» What to work on: For this task, output exactly the lines of the material below starting at the line with "Volleyball Slovak Extraliga" and ending at the line with "DENVER PFF-1015 Monitor, 25,65"; pictures are to be excluded.

Provided entries START

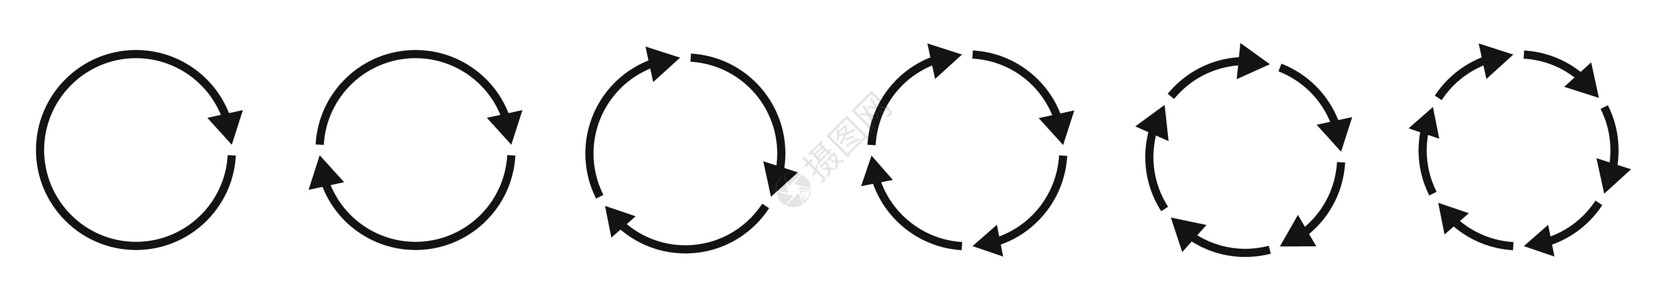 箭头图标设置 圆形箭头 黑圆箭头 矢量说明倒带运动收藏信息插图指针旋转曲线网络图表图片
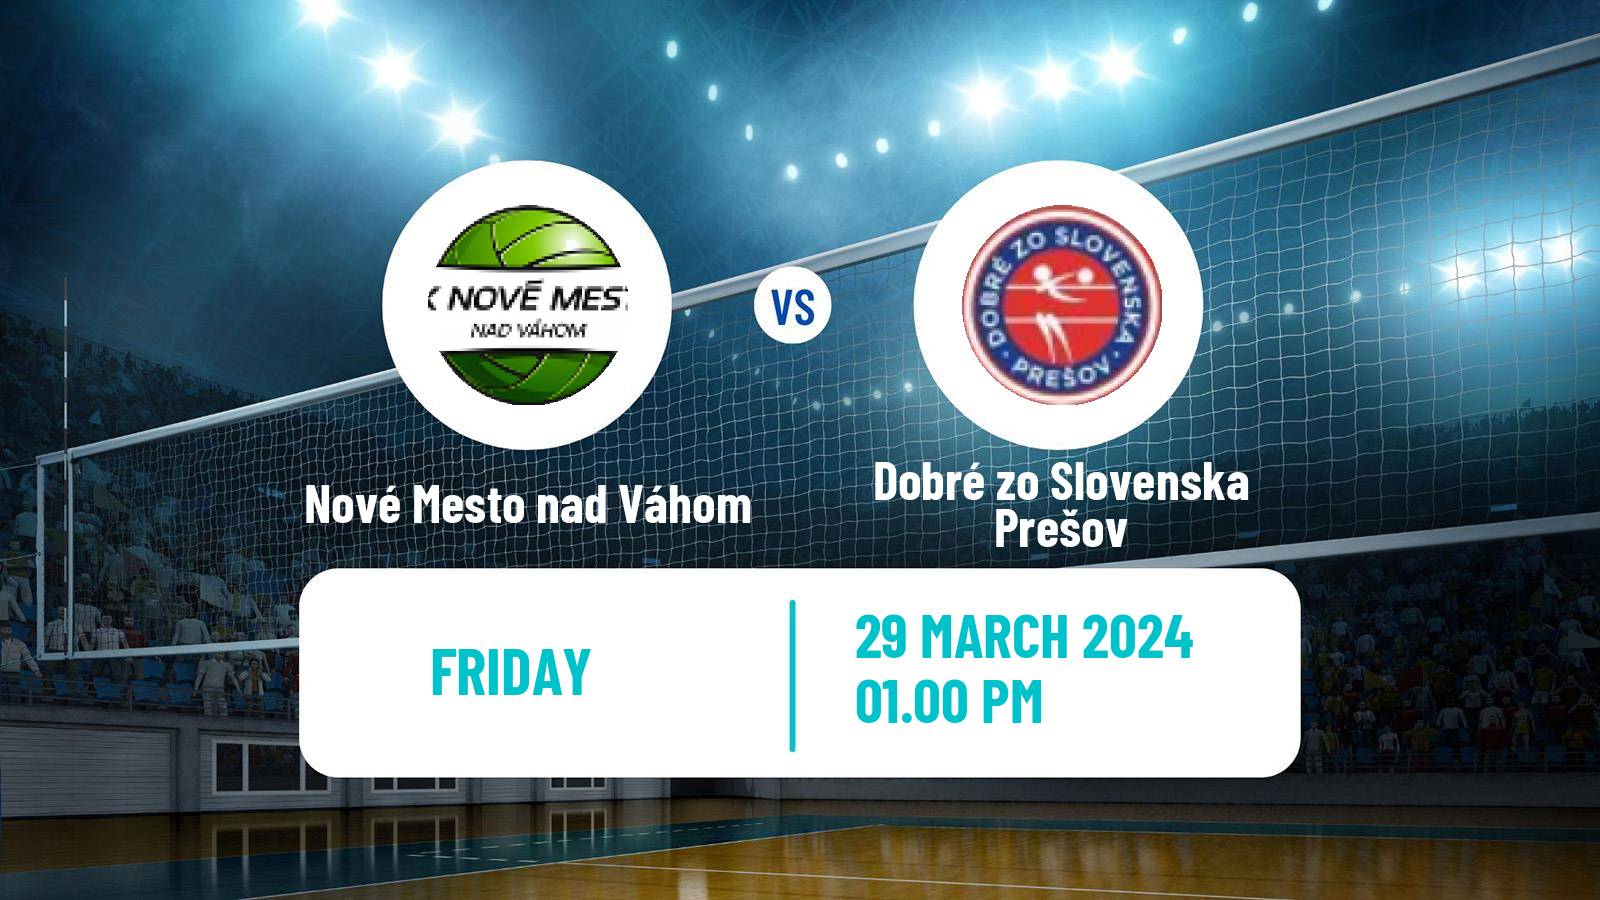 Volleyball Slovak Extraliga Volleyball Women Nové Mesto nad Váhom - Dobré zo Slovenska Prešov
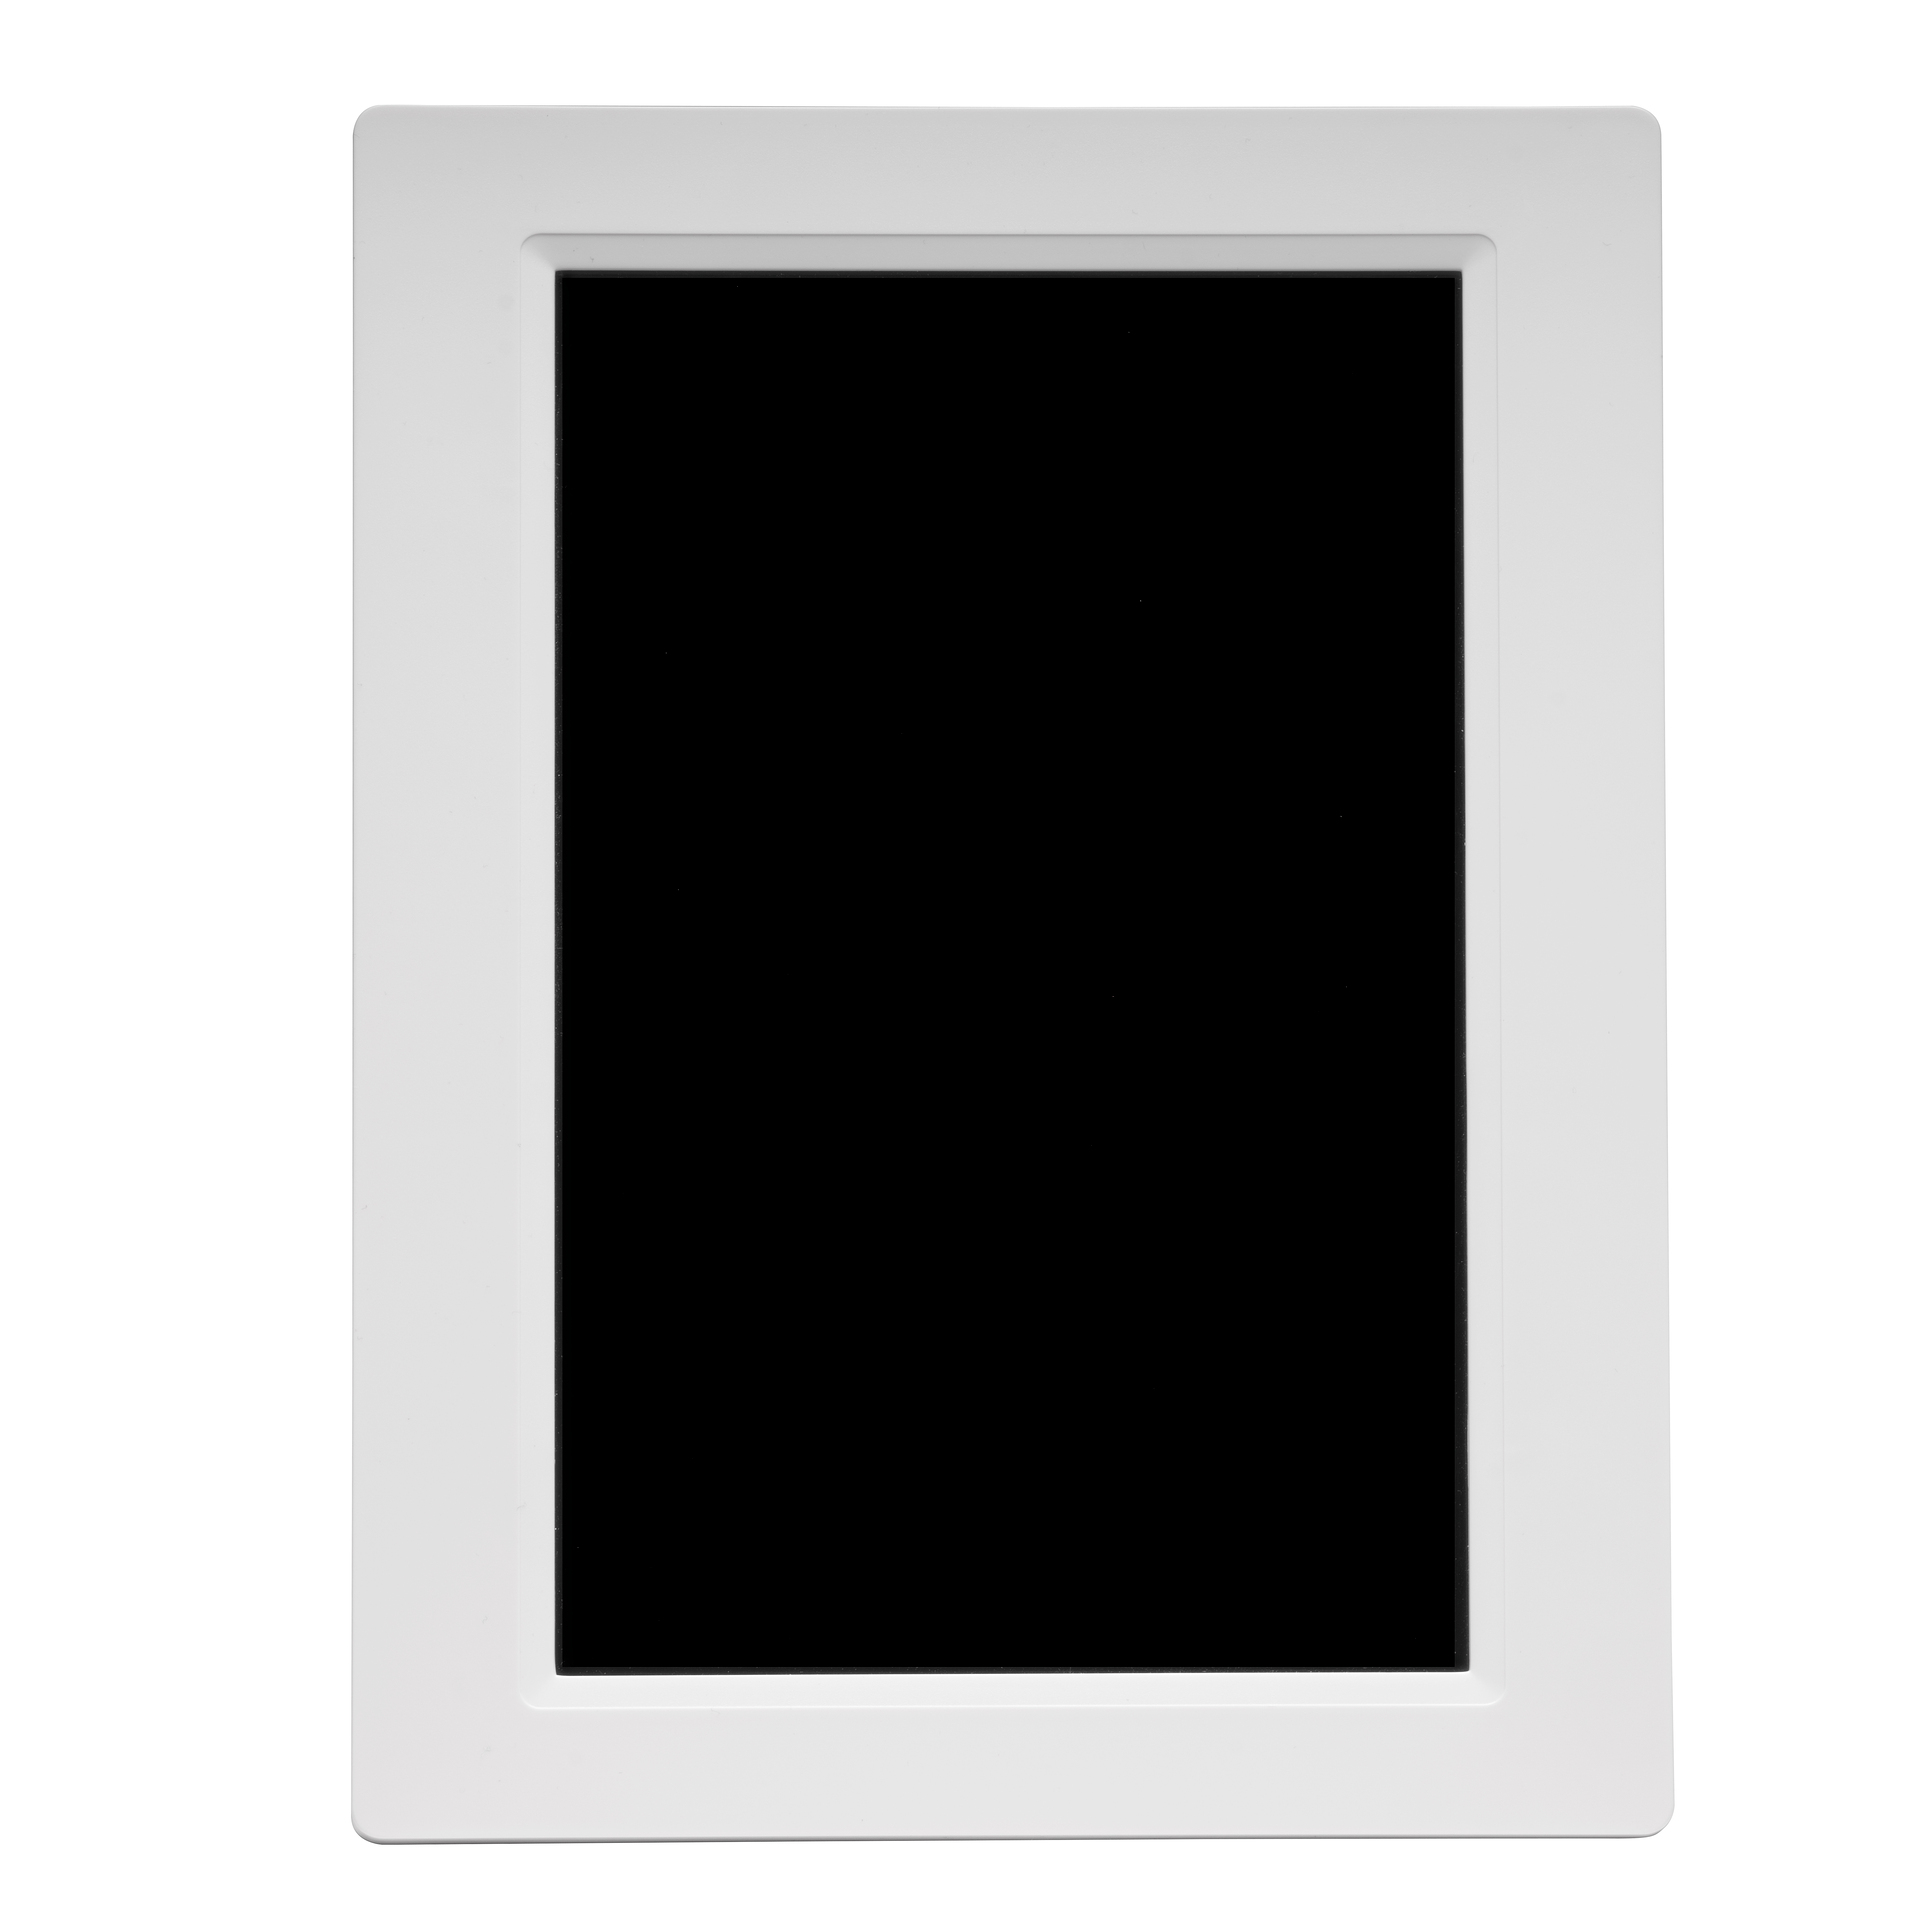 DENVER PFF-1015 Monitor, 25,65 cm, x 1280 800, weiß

Provided entries END
Provided entries START

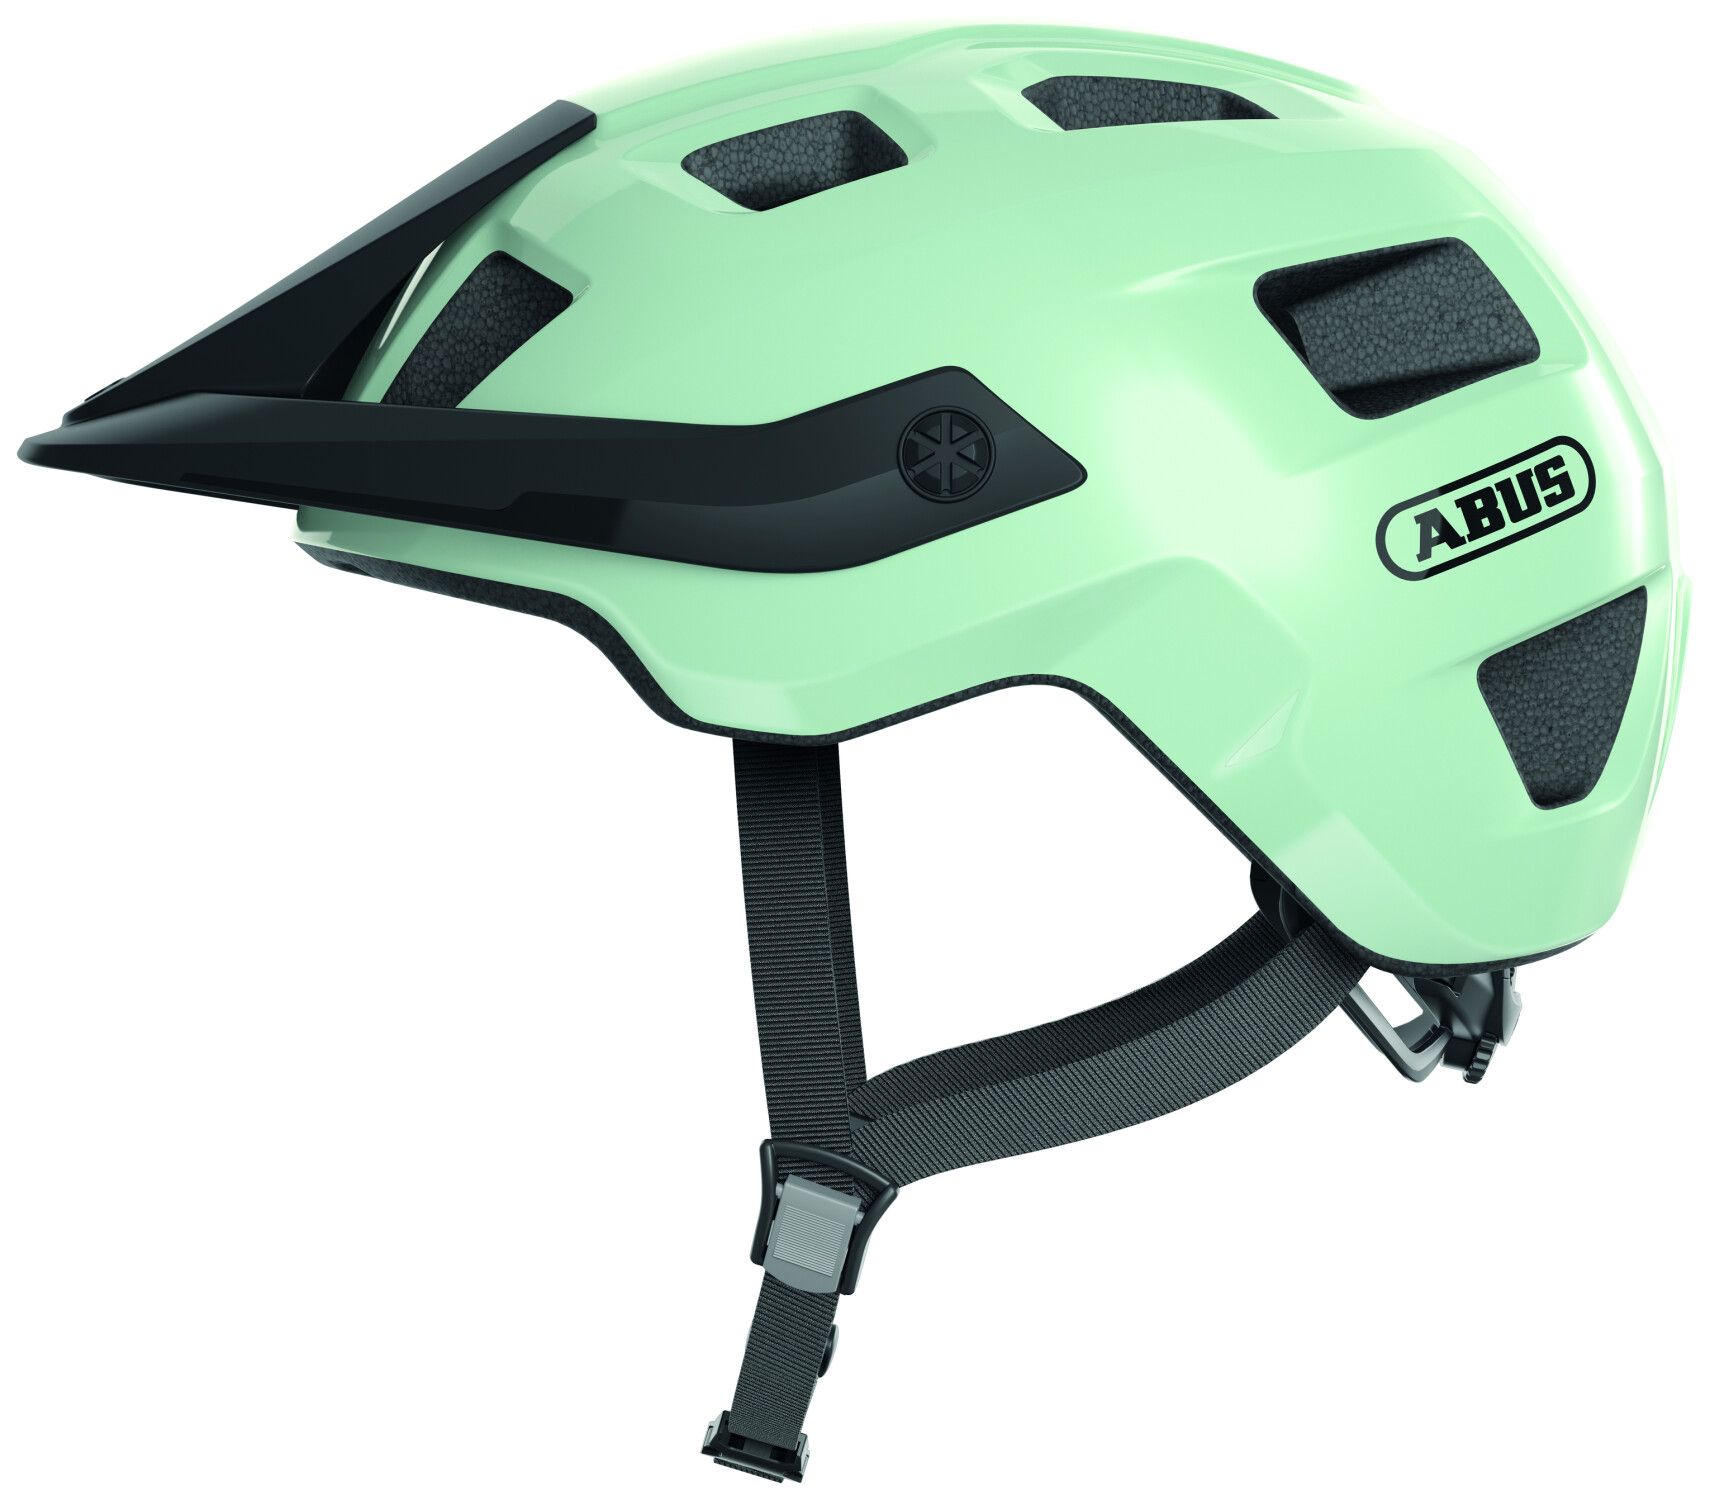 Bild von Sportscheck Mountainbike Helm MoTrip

Provided entries END
Provided entries START

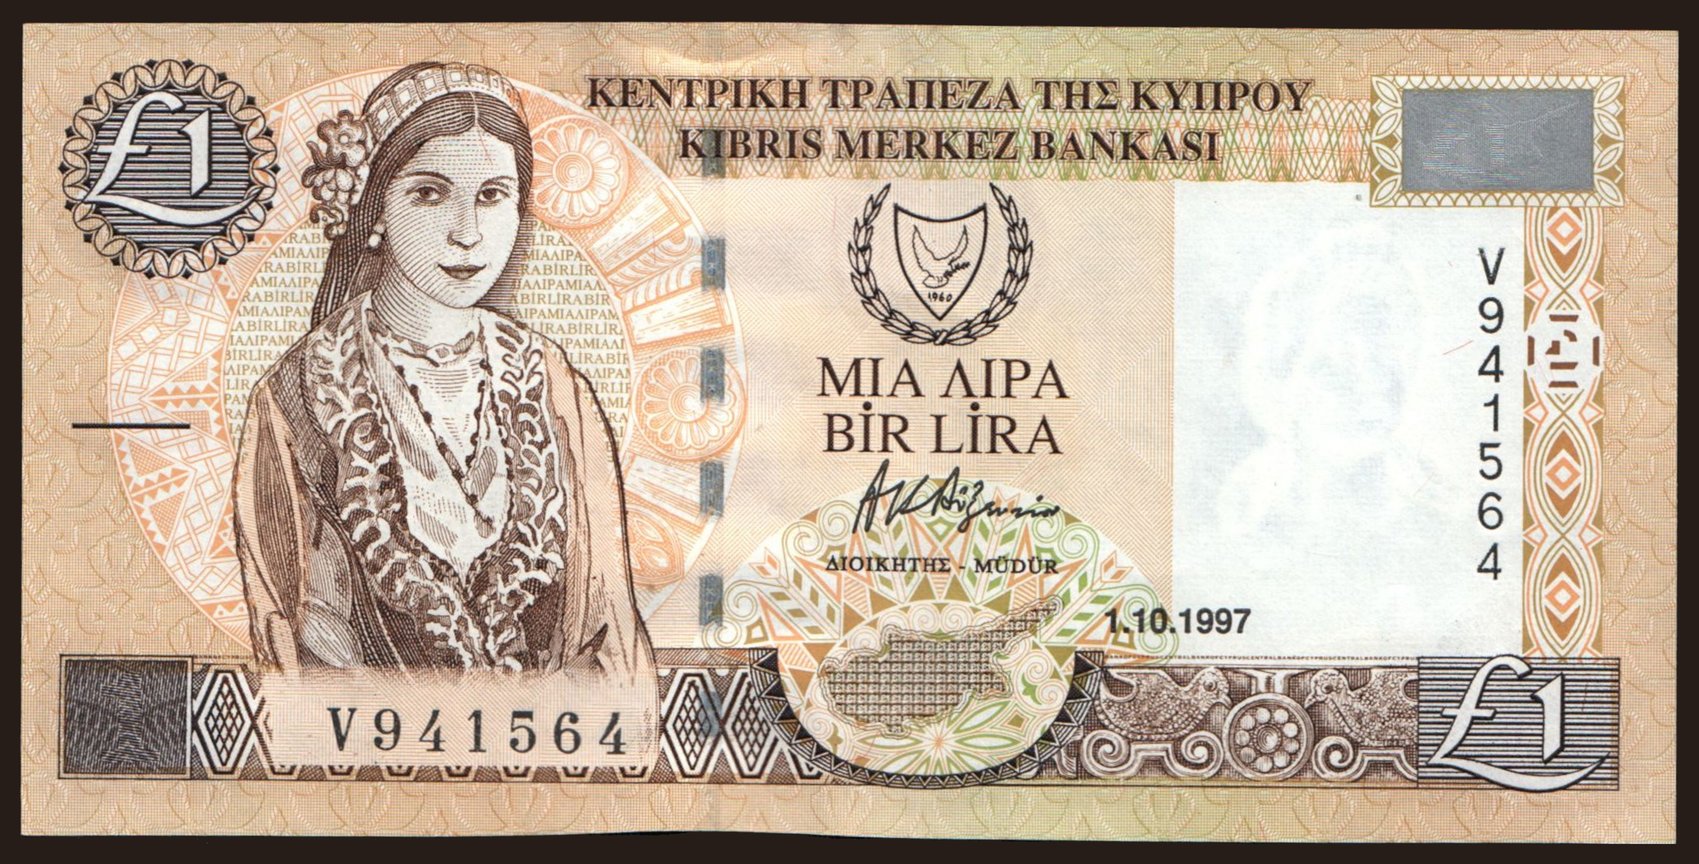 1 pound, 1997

Provided entries END

» Solution to the exercise:
 Volleyball Slovak Extraliga Volleyball Women Nové Mesto nad Váhom - Dobré zo Slovenska Prešov
 DENVER PFF-1015 Monitor, 25,65 cm, x 1280 800, weiß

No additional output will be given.